Skip to main content

Basics of Metaflow

This document introduces the basic concepts of Metaflow. If you are eager to try out Metaflow in practice, you can start with the tutorial. After the tutorial, you can return to this document to learn more about how Metaflow works.

The Structure of Metaflow Code

Metaflow follows the dataflow paradigm which models a program as a directed graph of operations. This is a natural paradigm for expressing data processing pipelines, machine learning in particular.

We call the graph of operations a flow. You define the operations, called steps, which are nodes of the graph and contain transitions to the next steps, which serve as edges.
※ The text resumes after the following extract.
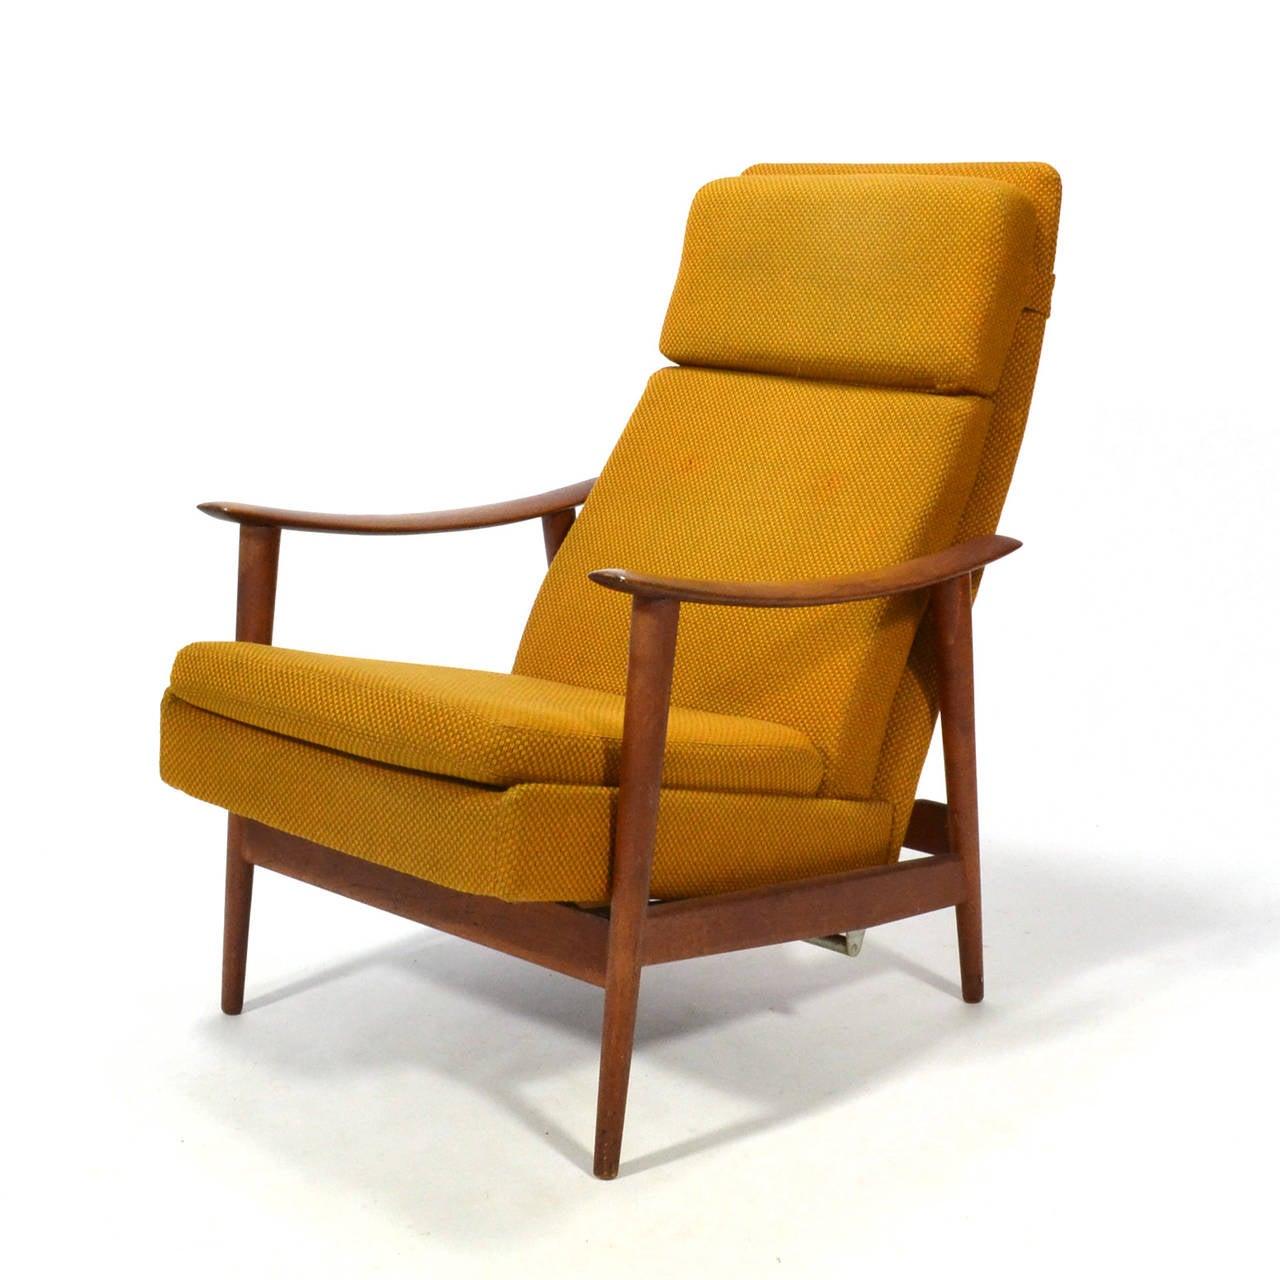 Danish Teak Reclining Lounge Chair at 1stdibs

Metaflow sets some constraints on the structure of the graph. For starters, every flow needs a step called start and a step called end. An execution of the flow, which we call a run, starts at start. The run is successful if the final end step finishes successfully.

What happens between start and end is up to you. You can construct the graph in between using an arbitrary combination of the following three types of transitions supported by Metaflow:

Linear

The most basic type of transition is a linear transition. It moves from one step to another one.

Here is a graph with two linear transitions:

The corresponding Metaflow script looks like this:

myflow.R
library(metaflow)

start <- function(self){
self$my_var <- "hello world"
}

a <- function(self){
print(paste("the data artifact is", self$my_var))
}

end <- function(self){
print("End of the linear flow")
}

metaflow("LinearFlow") %>%
step(step="start",
r_function=start,
next_step="a") %>%
step(step="a",
r_function=a,
next_step="end") %>%
step(step="end",
r_function=end) %>%
run()

You can execute this directly in your RStudio IDE or via the terminal:

Rscript myflow.R run

Besides executing the steps start, a, and end in order, this flow creates a data artifact called my_var. In Metaflow, data artifacts are created simply by assigning values to $-indexed variables under the self object such as self$my_var.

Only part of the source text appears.